++++ Collected material ++++

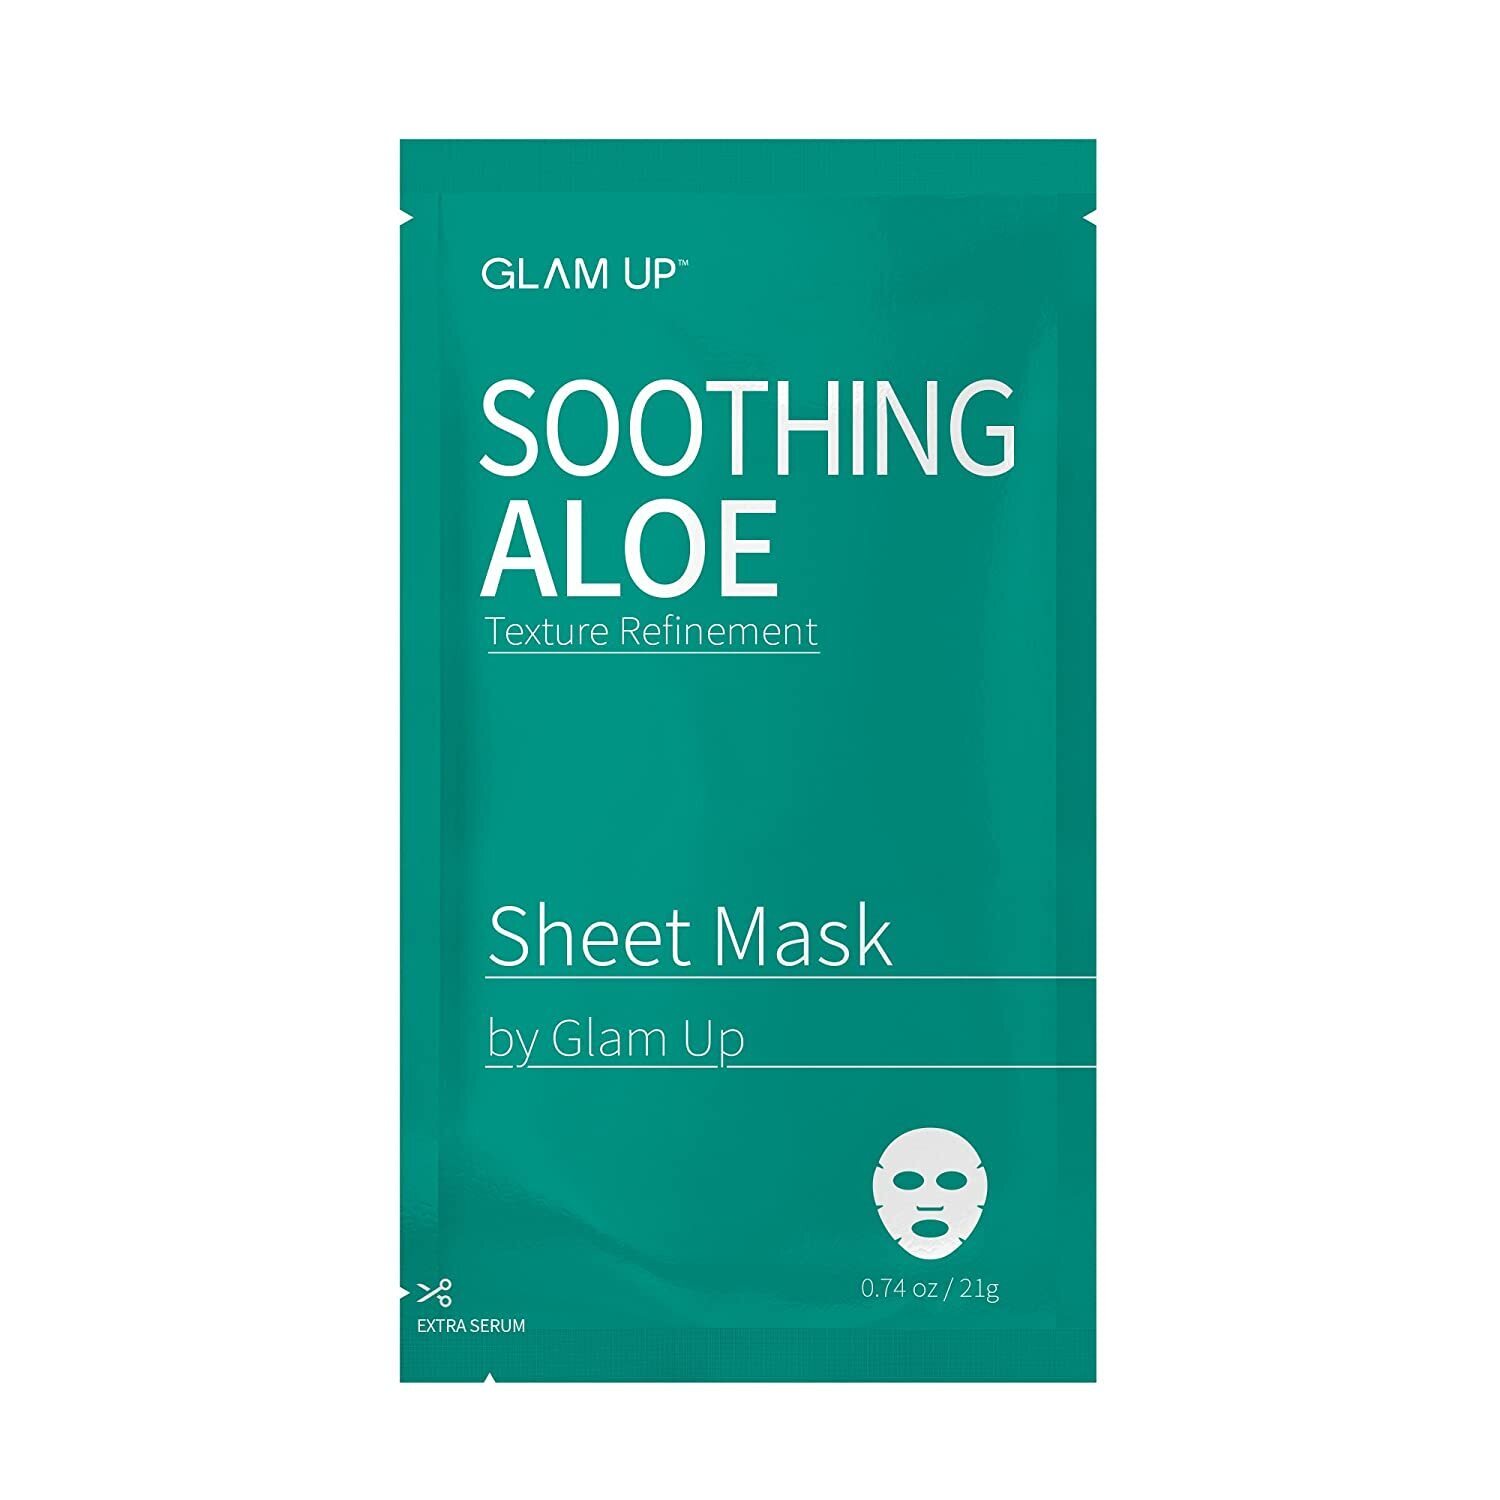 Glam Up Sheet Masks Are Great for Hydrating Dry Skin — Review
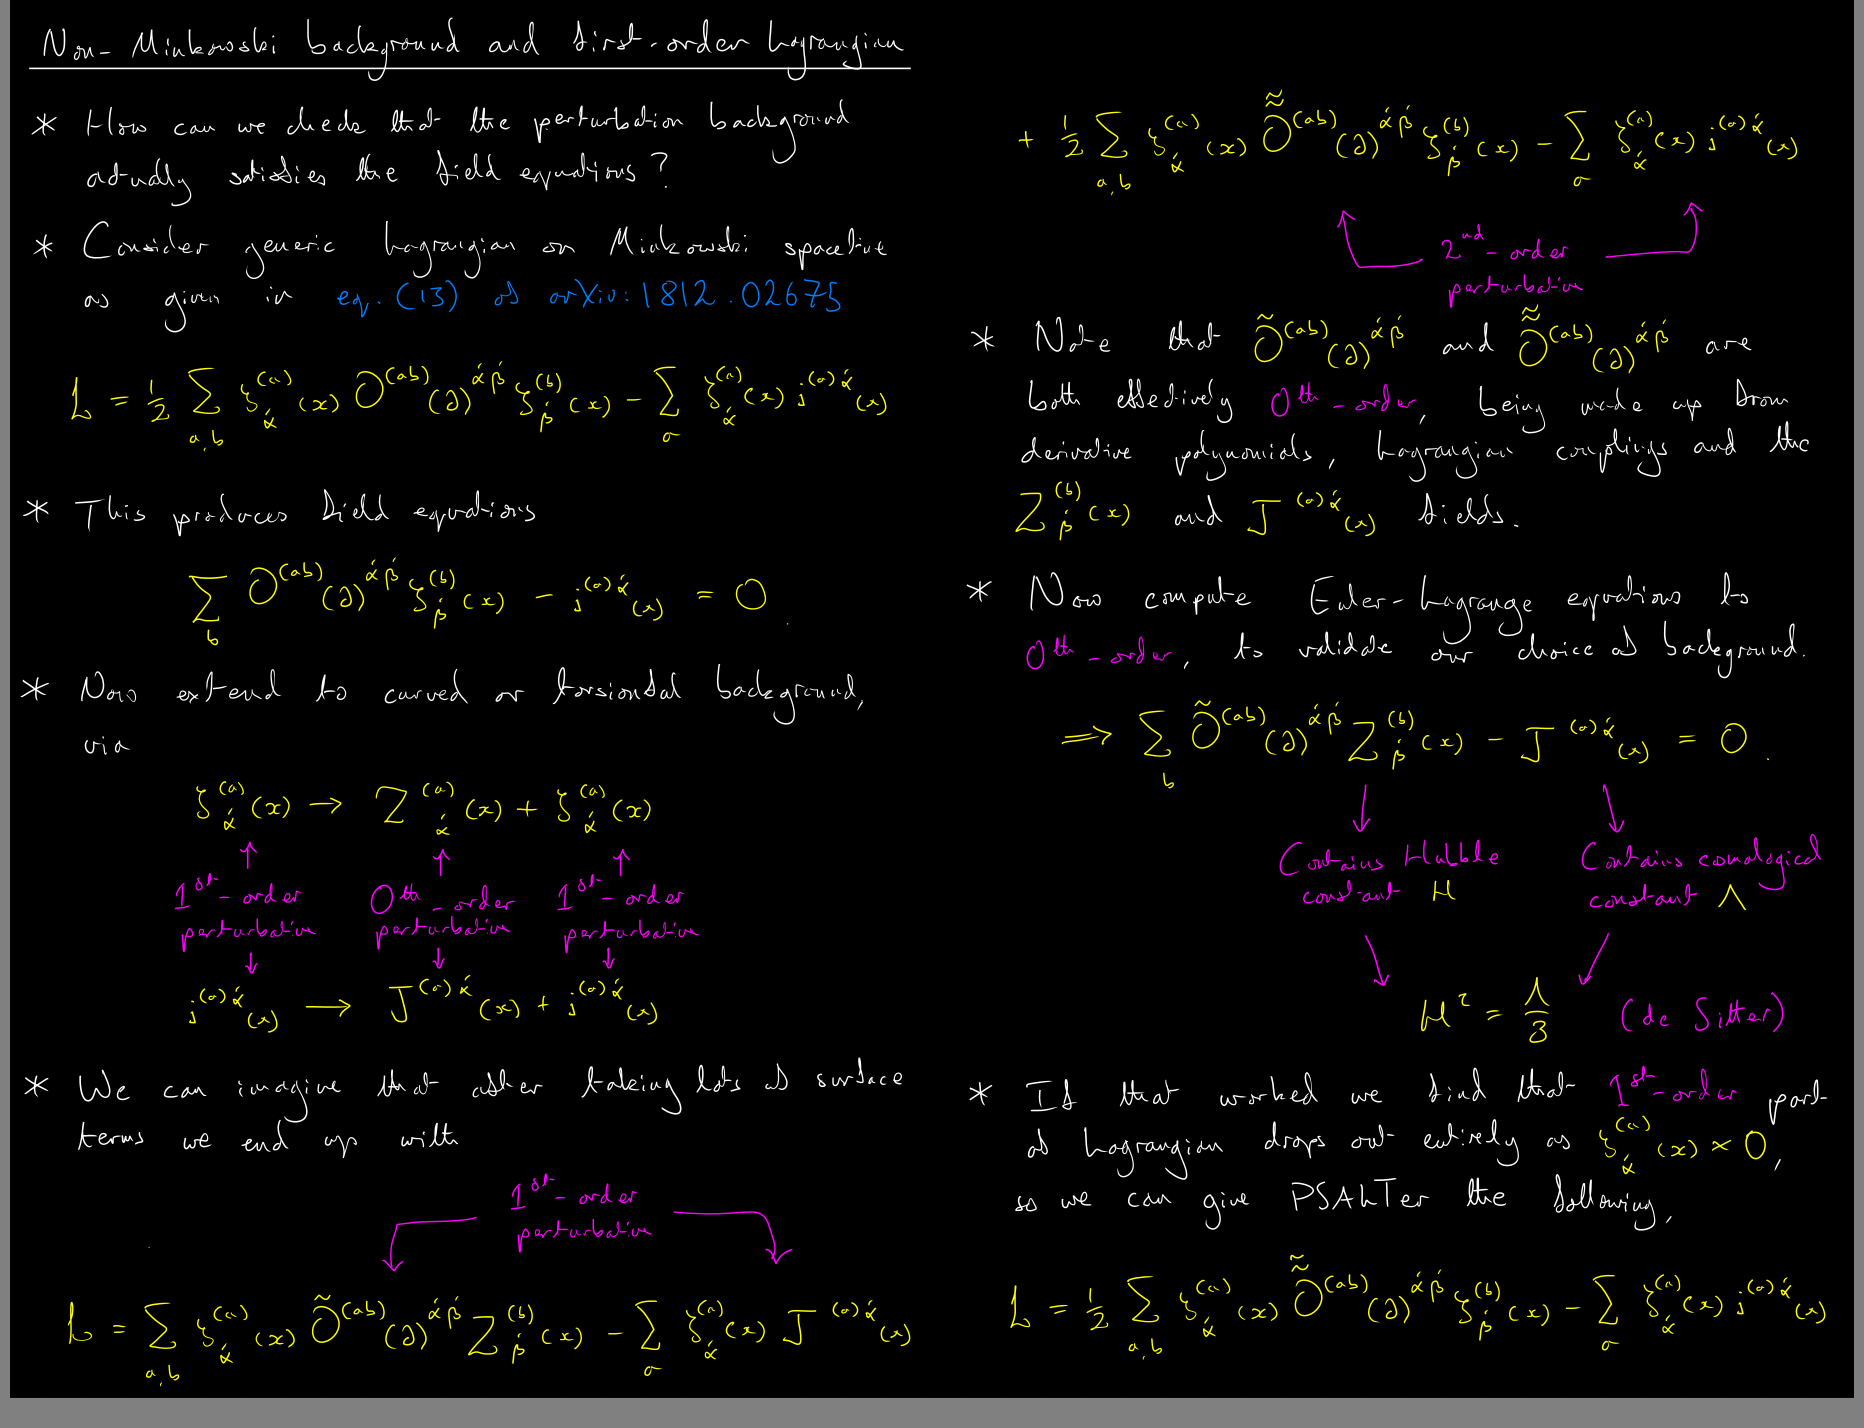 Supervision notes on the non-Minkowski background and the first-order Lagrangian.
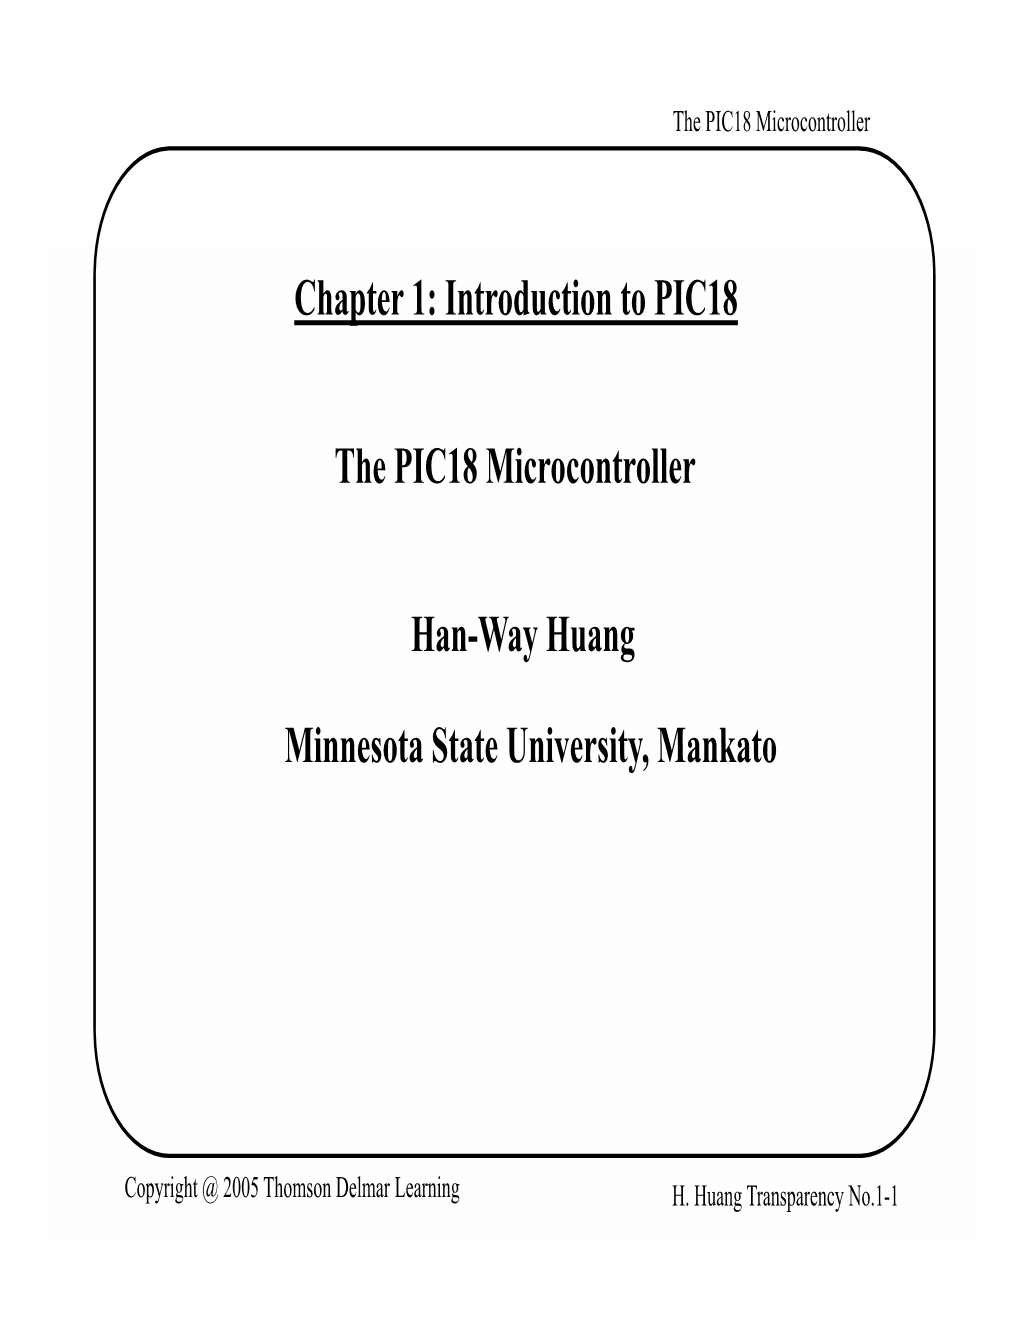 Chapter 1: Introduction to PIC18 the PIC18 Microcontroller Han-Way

++++

• **Task goal**: Write out the listing word for word, omitting the pictures it holds.

• **Answer space**:
 Glam Up Sheet Masks Are Great for Hydrating Dry Skin — Review
 Supervision notes on the non-Minkowski background and the first-order Lagrangian.
 Chapter 1: Introduction to PIC18 the PIC18 Microcontroller Han-Way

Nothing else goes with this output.